Sarfraz Manzoor 

Boss-onomics and how Bruce Springsteen got me out of Luton

Sarfraz Manzoor: I'm not surprised that The Boss inspires Australia's treasurer. Springsteen's lyrics have helped me at key points in my life
  
  

Bruce Springsteen
Bruce Springsteen's Prove it all Night 'gave me the courage to turn my back on an arranged marriage'. Photograph: Olycom SPA/Rex Features Photograph: Olycom SPA / Rex Features

In these uncertain times who can we look to for guidance on how to end the recession? The economists can't make up their minds and the political leaders seem out of their depth: is it time to call for The Boss? That's the conclusion reached by Australia's treasurer Wayne Swan, who has suggested the answer to the economic crisis could lie in following policies based on the lyrics of Bruce Springsteen. Swan revealed he liked to play Born to Run after giving the government's budget speech – not something one can easily imagine George Osborne doing. The Australian politician has been predictably attacked by critics. "It says everything about this government that it is guided by the principles of a rock singer," sneered Joe Hockey, a political opponent. Personally, I think Swan is on to something.

By coincidence he made his speech just as Springsteen concluded his European tour and I began a three-week run of my one-man show at the Edinburgh Festival. It is called The Boss Rules and its premise is that the road to a fulfilled life lies in applying lessons gleaned from the lyrics of Bruce Springsteen. In the comedy show, I take the audience on a jaunt through my life and demonstrate how at key moments Springsteen's lyrics helped me: Thunder Road showed me the way out of Luton, Prove it all Night gave me the courage to turn my back on an arranged marriage and so on. Like Swan, I also believe there isn't an answer in life that cannot be solved through Springsteen, and in the show I challenge the audience to tweet or tell me their dilemmas, which I attempt to solve using Springsteen songs.

When I first stumbled on to his music 25 years ago, being a Springsteen fan was desperately unfashionable. Now he is almost beyond any serious criticism. This week's New Yorker features an epic 15,000-word Springsteen profile written by its editor David Remnick. "The Springsteen generation", as Swan calls it, is now in power in media and politics, a fact not without irony: an artist whose songs chronicle the lives of the marginalised powerless is now lionised by the mainstream elite.

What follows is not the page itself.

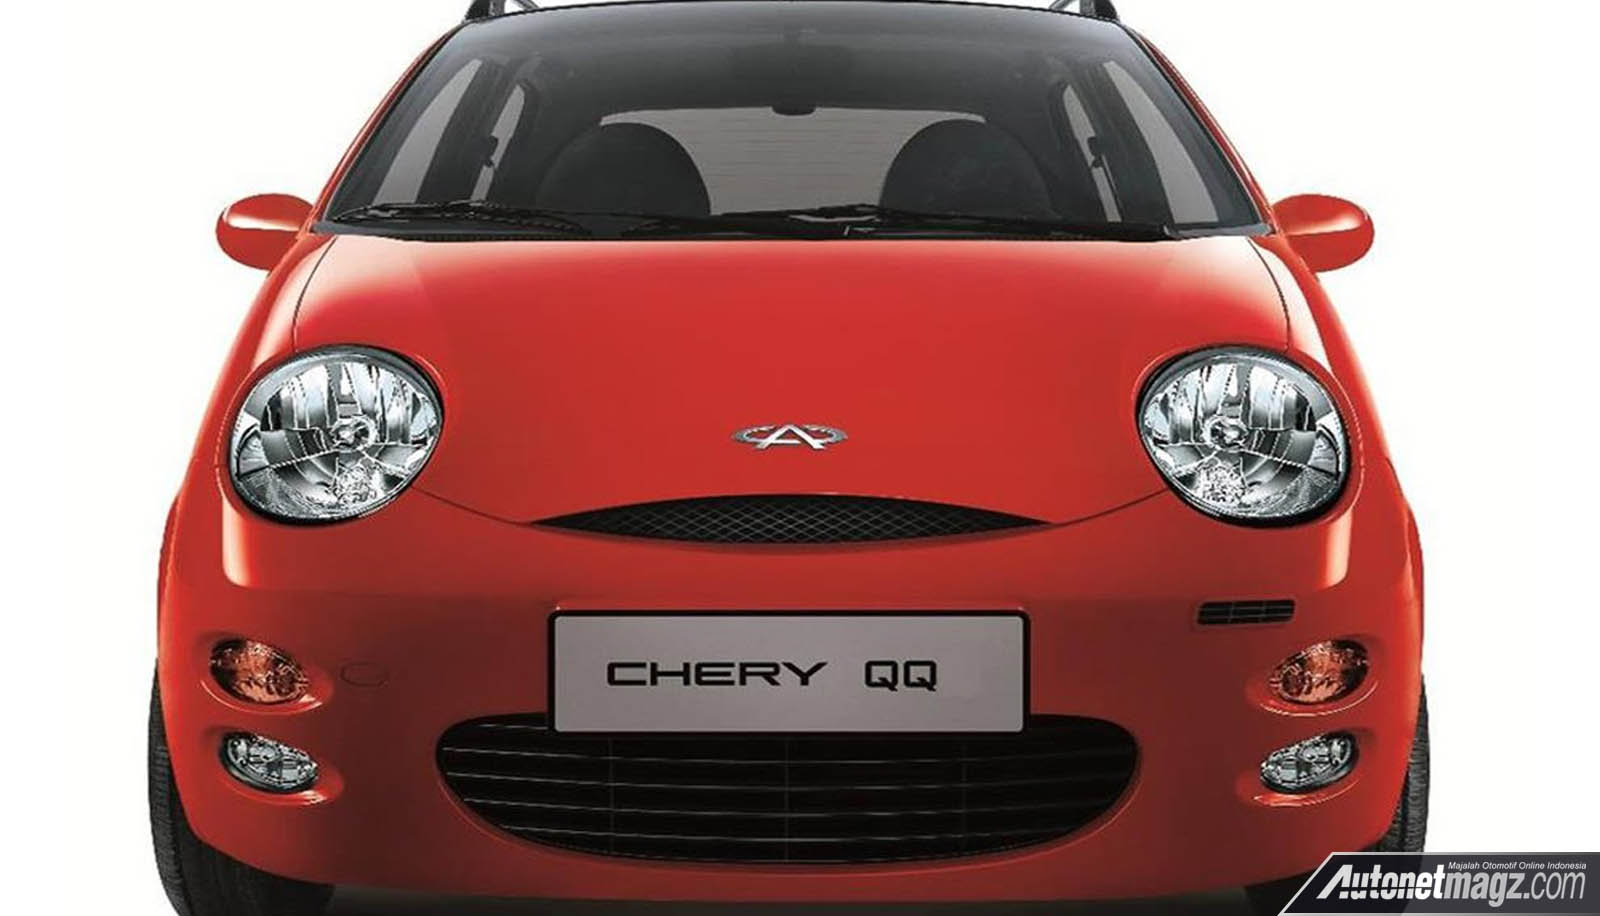 Cherry QQ  AutonetMagz Review Mobil  dan Motor Baru

There is a story about when John Steinbeck first heard Woody Guthrie's song Tom Joad which was based on Steinbeck's The Grapes of Wrath. "You little bastard," Steinbeck wrote in a letter to the folk singer, "how could you say in a few verses what it took me an entire novel to say?" Guthrie's gift is also Springsteen's talent – the ability to compress big thoughts into a small number of words and to articulate the hopes and inspire the dreams of ordinary people. Springsteen has arguably been more successful in that than most political leaders which is why so many of us turn to his words in times of doubt and darkness. It was Mike Appel, Springsteen's first manager, who back in the early 1970s said that "Bruce Springsteen isn't a rock act – he's a religion." At the time it sounded like empty bluster, today, not so much.